#### To do:
The job is to output each record exactly as it stands, pictures excluded.

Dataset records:
+===+

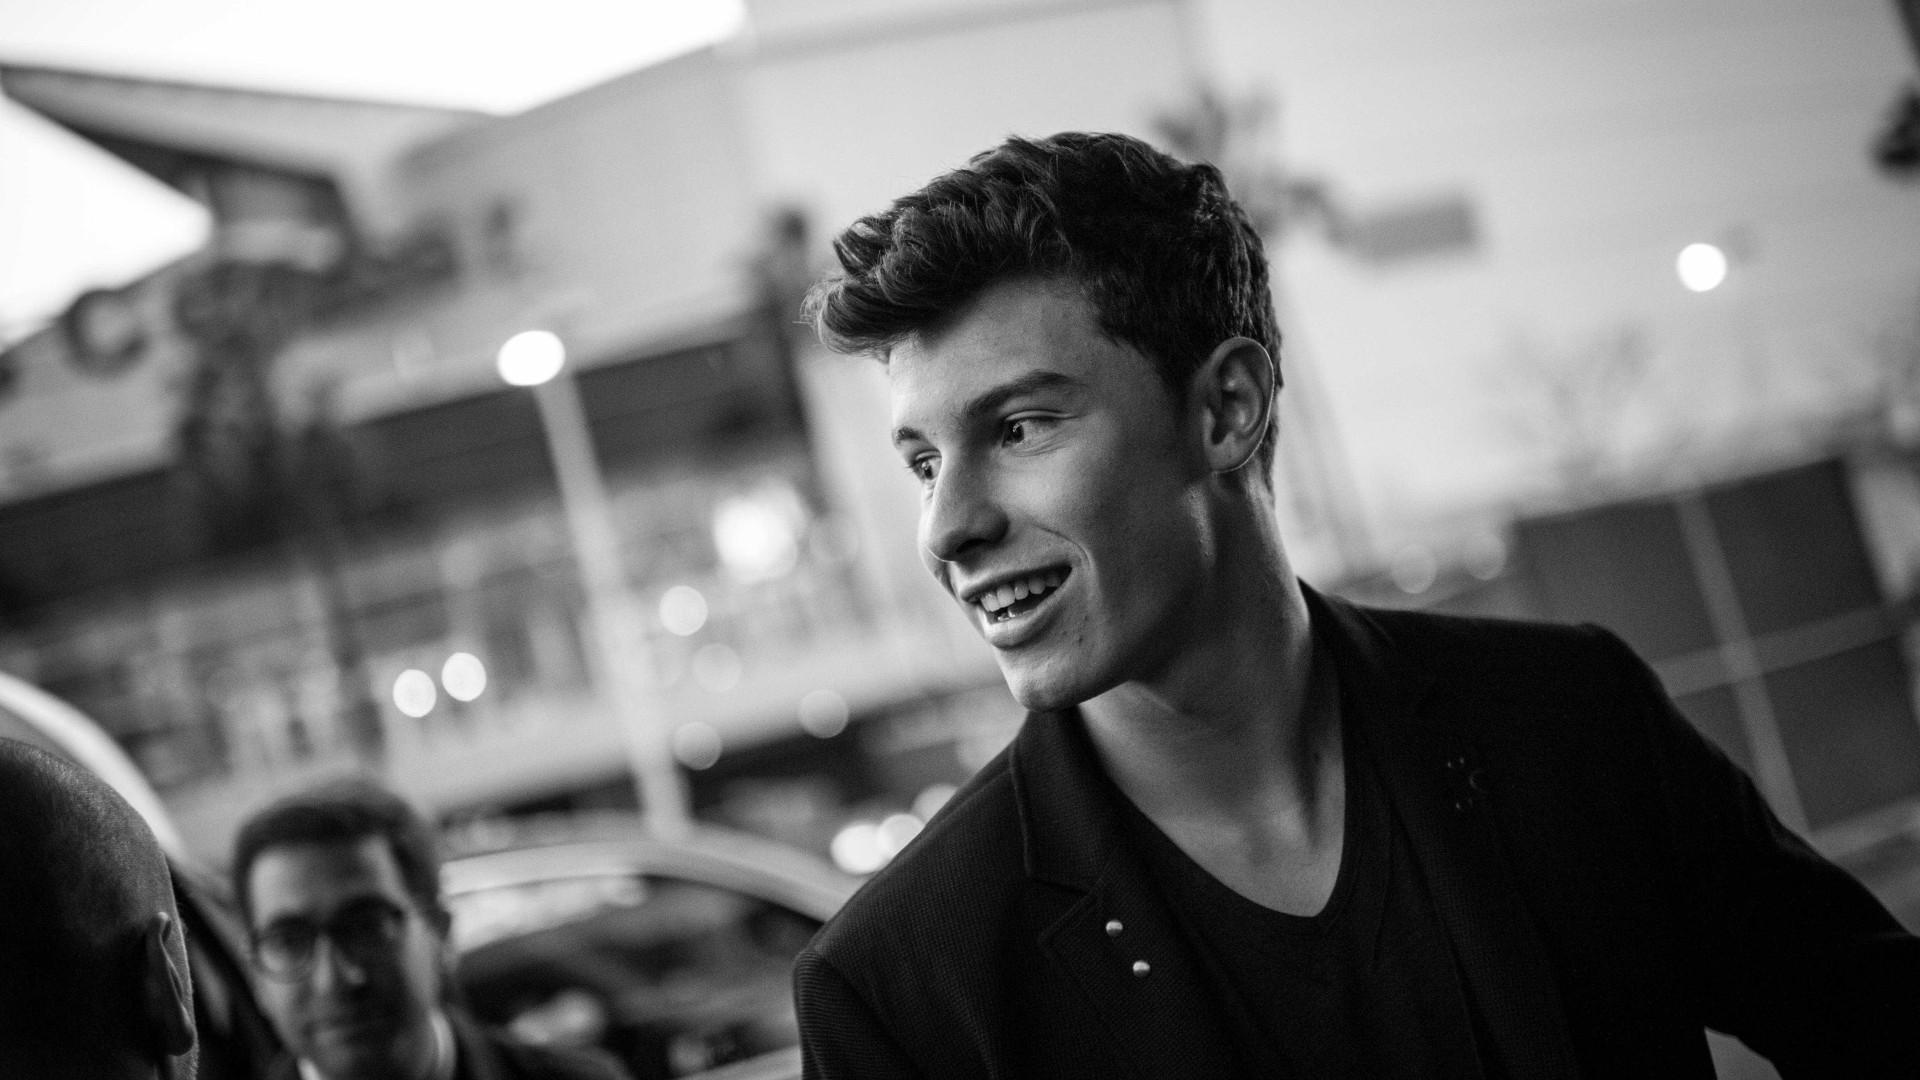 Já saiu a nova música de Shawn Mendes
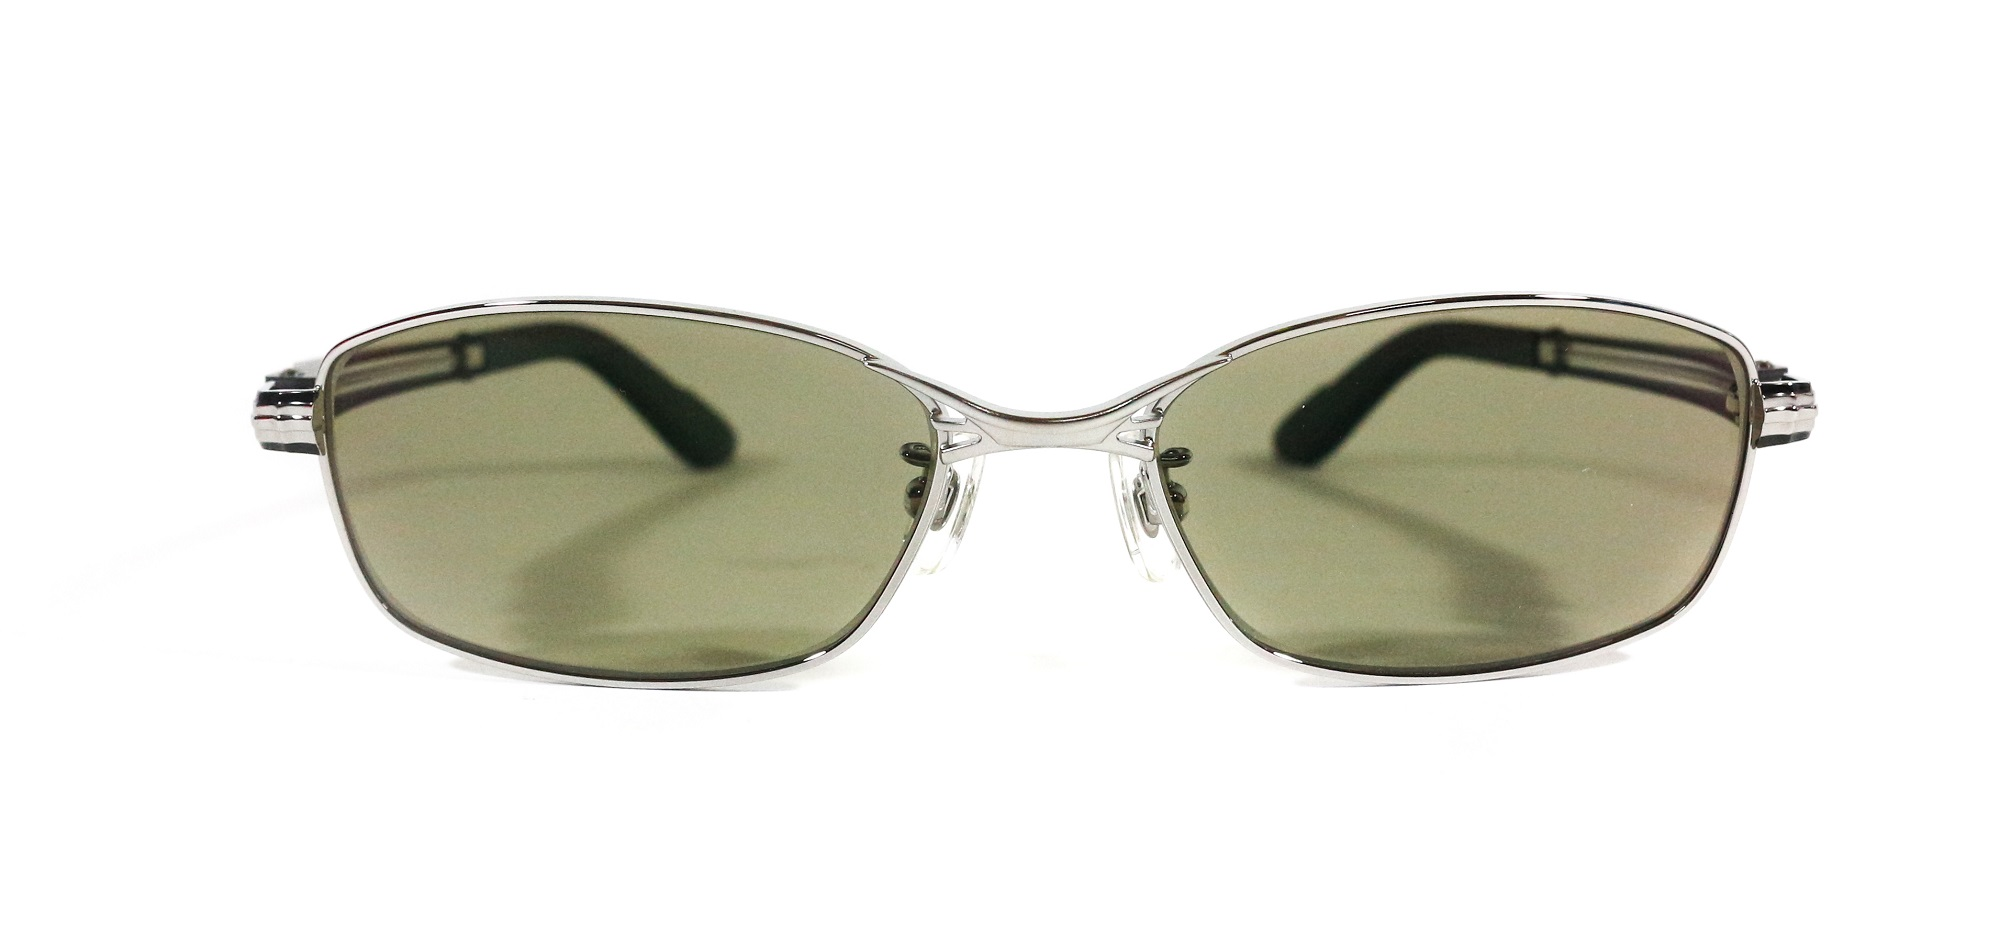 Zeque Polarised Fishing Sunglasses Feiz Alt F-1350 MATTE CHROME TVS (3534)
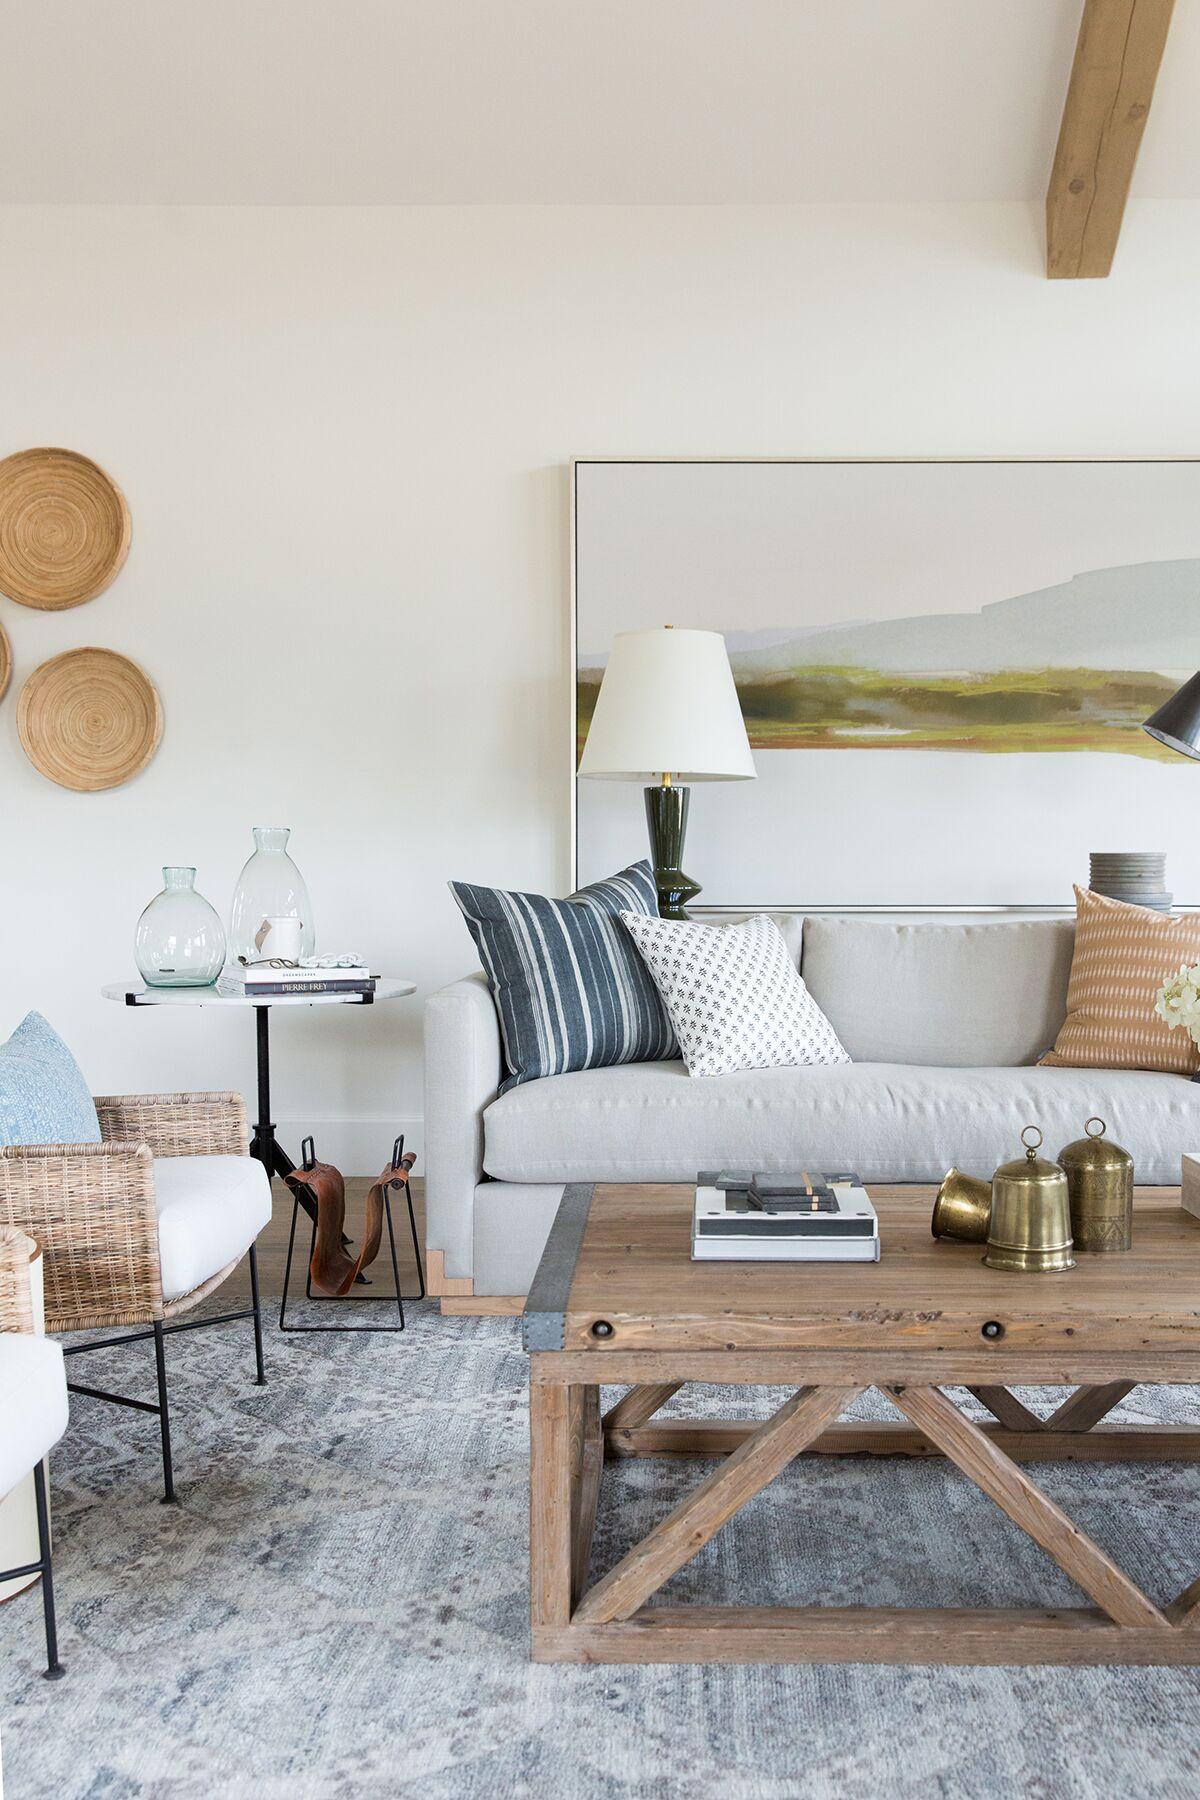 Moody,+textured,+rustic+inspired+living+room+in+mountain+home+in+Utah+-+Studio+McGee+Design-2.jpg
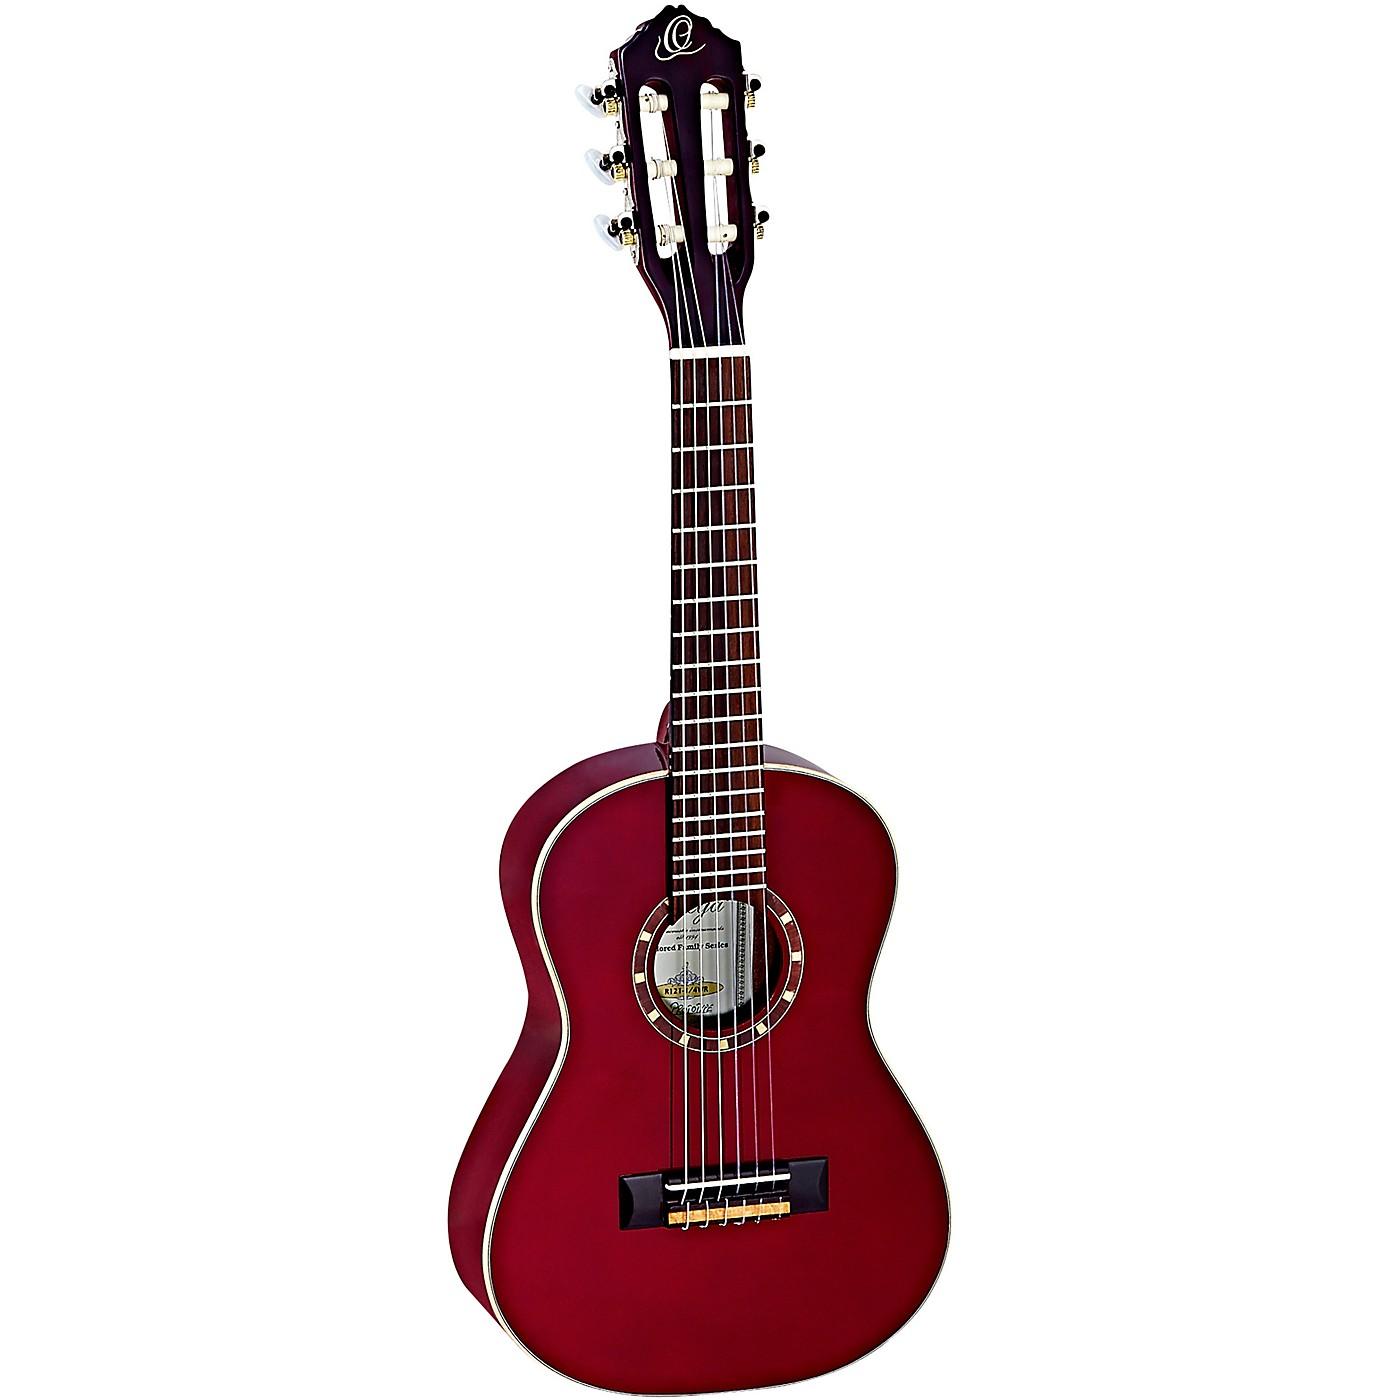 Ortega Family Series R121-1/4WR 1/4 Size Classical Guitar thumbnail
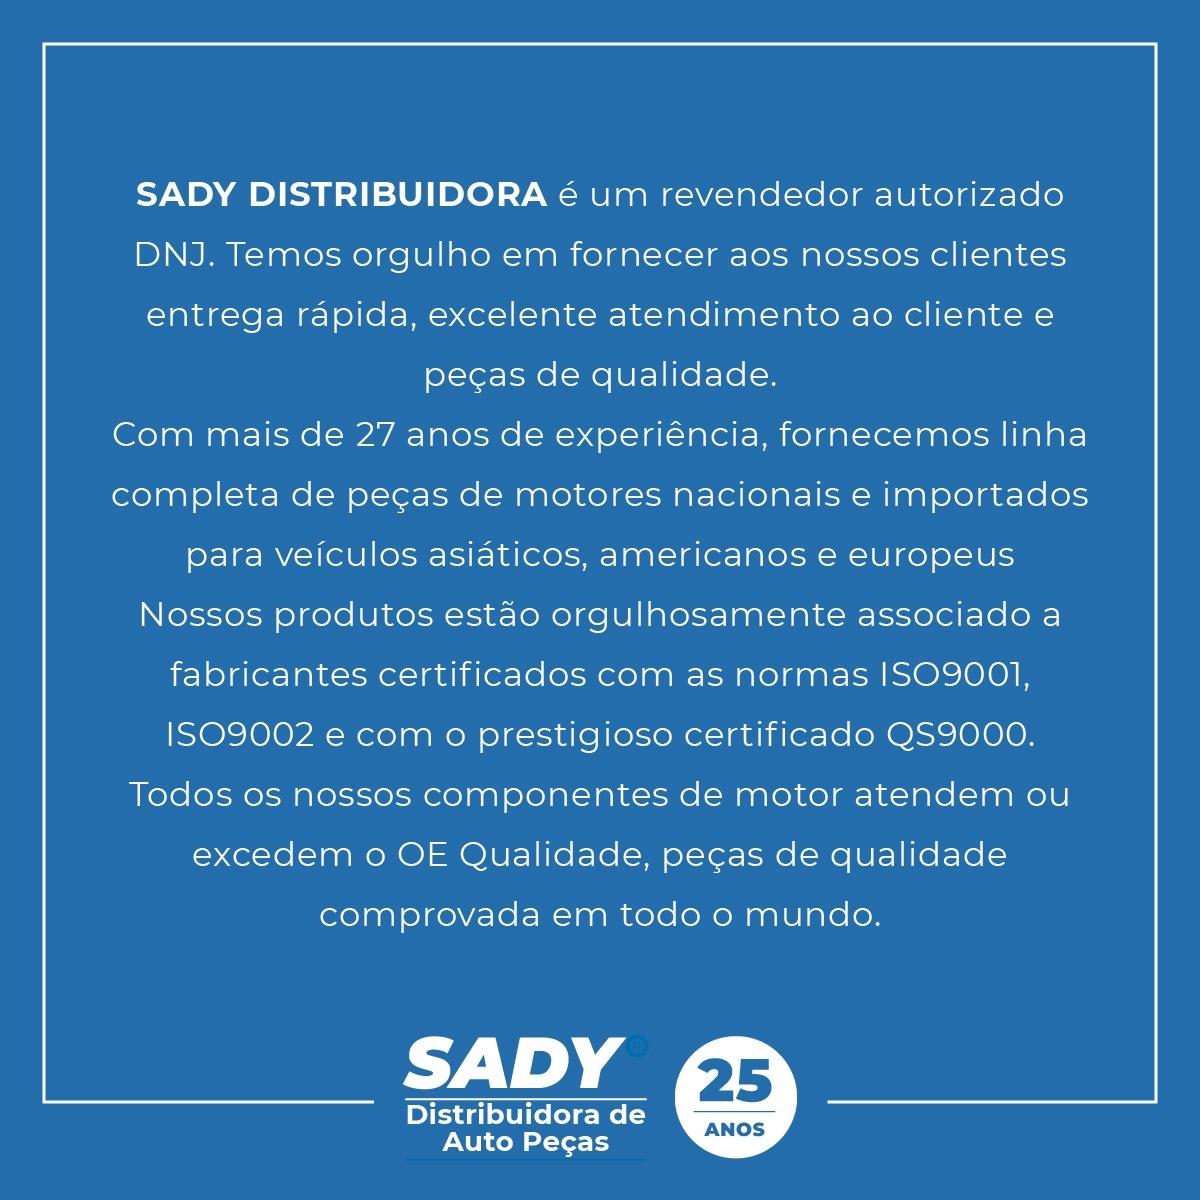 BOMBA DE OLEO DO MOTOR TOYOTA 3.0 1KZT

+===+

#### Result of the task:
 Já saiu a nova música de Shawn Mendes
 Zeque Polarised Fishing Sunglasses Feiz Alt F-1350 MATTE CHROME TVS (3534)
 Moody,+textured,+rustic+inspired+living+room+in+mountain+home+in+Utah+-+Studio+McGee+Design-2.jpg
 Ortega Family Series R121-1/4WR 1/4 Size Classical Guitar thumbnail
 BOMBA DE OLEO DO MOTOR TOYOTA 3.0 1KZT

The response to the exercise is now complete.